The required output is the stretch from the line containing "Eloquent ORM (Object" through the line containing "Need for Speed 3D" in the records below, unaltered and with no pictures.

**Source material**
———

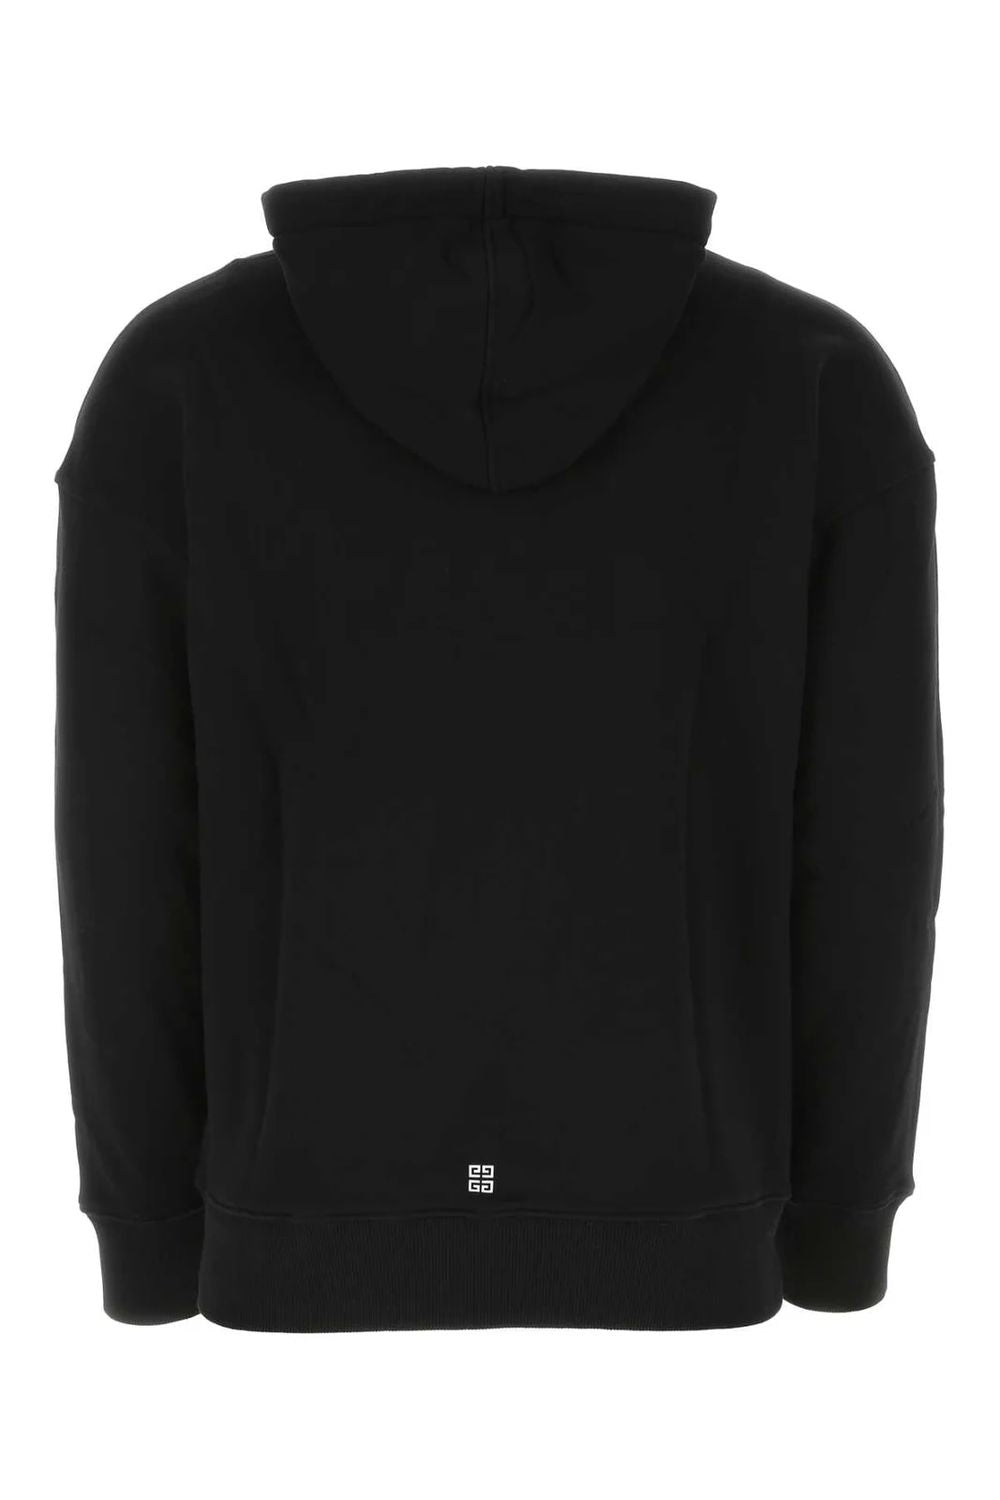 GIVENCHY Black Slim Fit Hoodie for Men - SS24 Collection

———

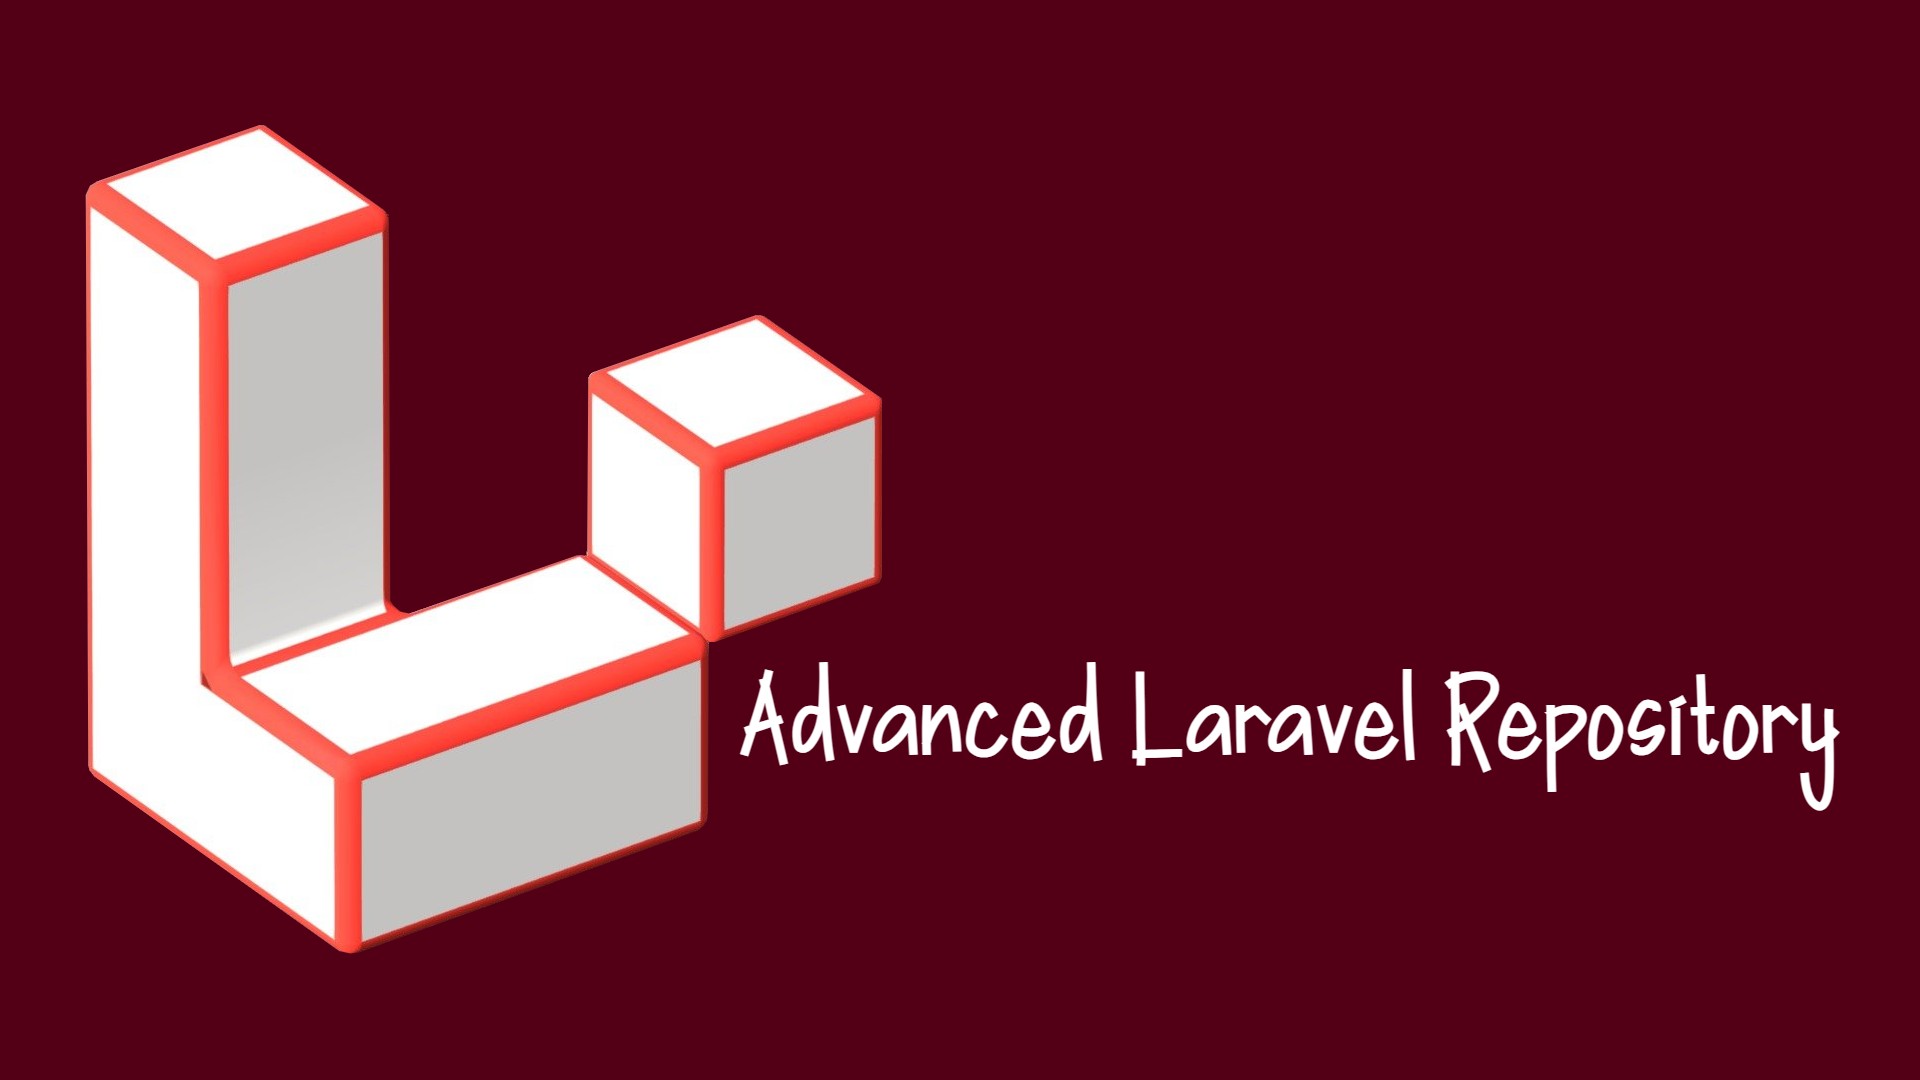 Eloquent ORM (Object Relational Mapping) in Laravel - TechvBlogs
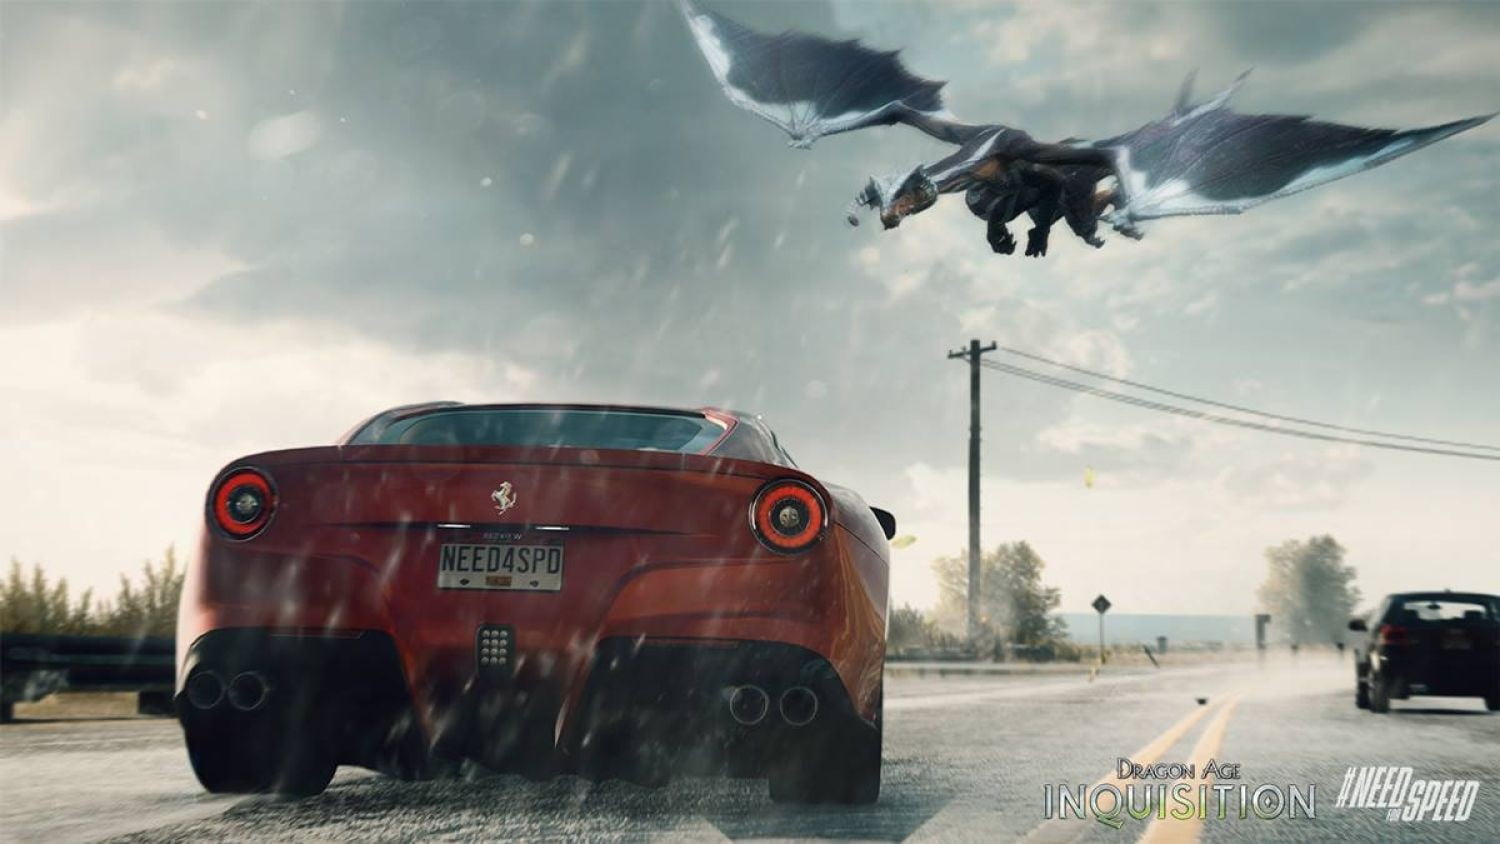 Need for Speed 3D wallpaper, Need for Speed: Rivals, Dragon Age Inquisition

———

**Response to the exercise**
 Eloquent ORM (Object Relational Mapping) in Laravel - TechvBlogs
 Need for Speed 3D wallpaper, Need for Speed: Rivals, Dragon Age Inquisition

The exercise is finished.